Although strains resistant to penicillin have emerged, penicillin G is still the preferred treatment. Cephalosporins are also commonly used, especially if penicillin resistance is suspected. When an N. meningitidis infection is discovered, all the infected person’s contacts are given prophylactic antibiotic treatment. Vaccines against group B strains have been developed and are commonly administered in the United States. In sub-Saharan Africa, a region known as the meningitis belt, group A strains are the most common pathogenic strains. Although group B vaccines have some effect on group A and other strains, work is underway to develop better broad-spectrum vaccines that will be effective against all groups of N. meningitidis.

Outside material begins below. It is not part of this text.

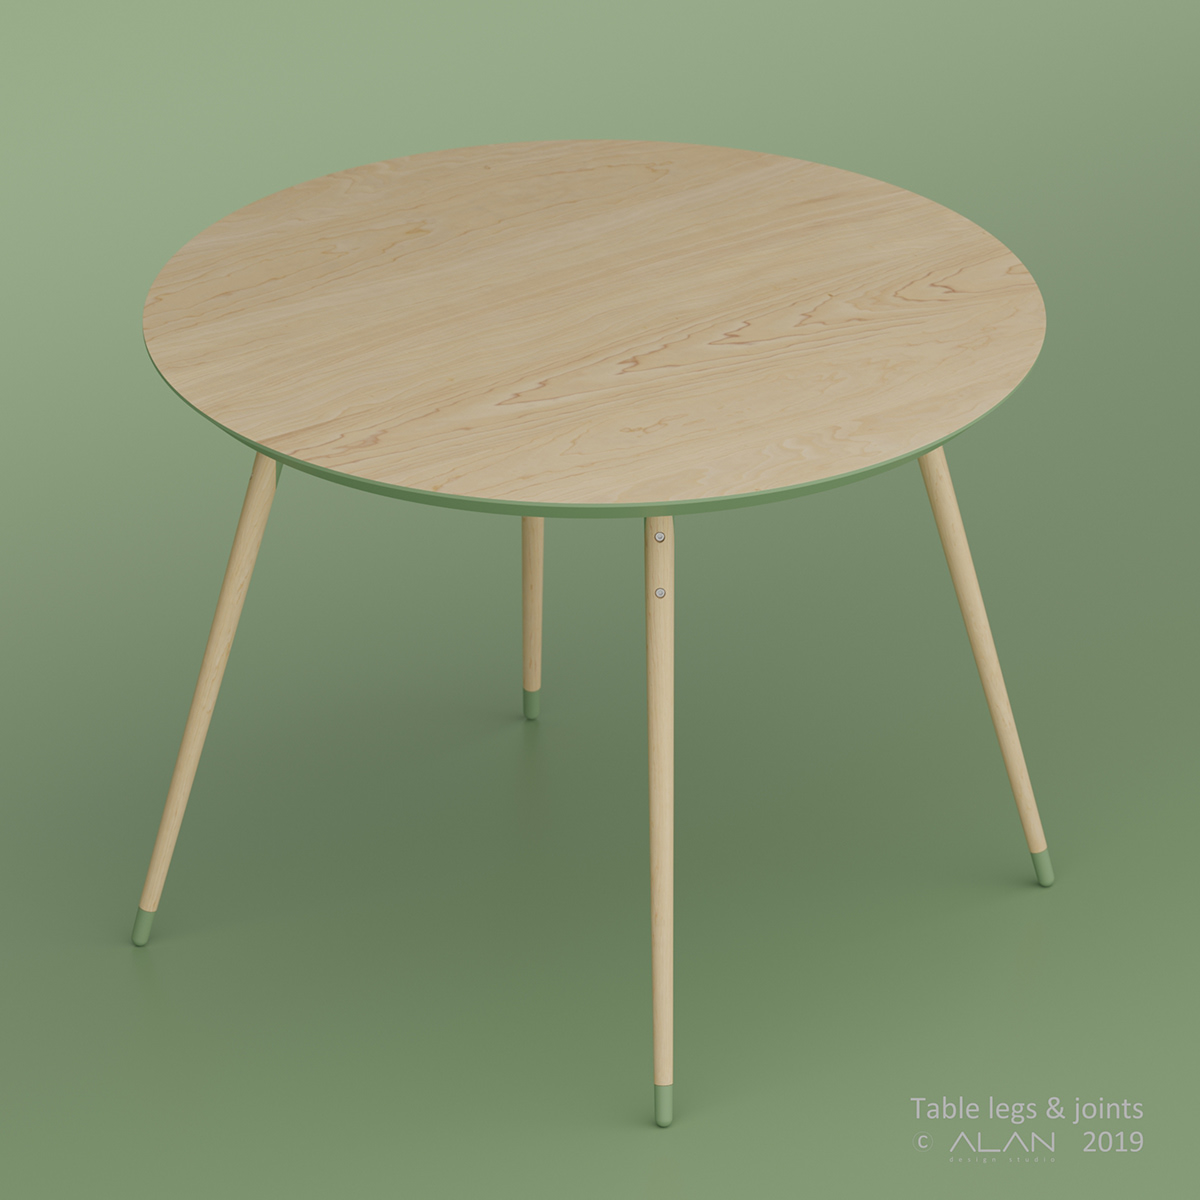 alankravchenko design furniture table legs joints

Among the other Neisseria spp., N. lactamica and N. cinerea are common opportunistic human pathogens. Some human commensals, such as N. elongata and N. subflava, have occasionally been seen in pathogenic infections. Other species are species-specific nonpathogenic commensals in humans and other animals: N. canis in dogs, N. cuniculus in rabbits, and N. macacae in Rhesus monkeys. In the twenty-first century, there were ongoing challenges to combatting Neisseria pathogens, as well as advances made in better understanding them. For example, scientists discovered a new protein in Neisseria gonorrhoeae called TfpC, which provided insight into the structure of the bacteria. New vaccines were also developed against N. meningitidis serogroup B. However, antibiotic-resistant N. gonorrhoeae continued to be a serious and growing public health concern.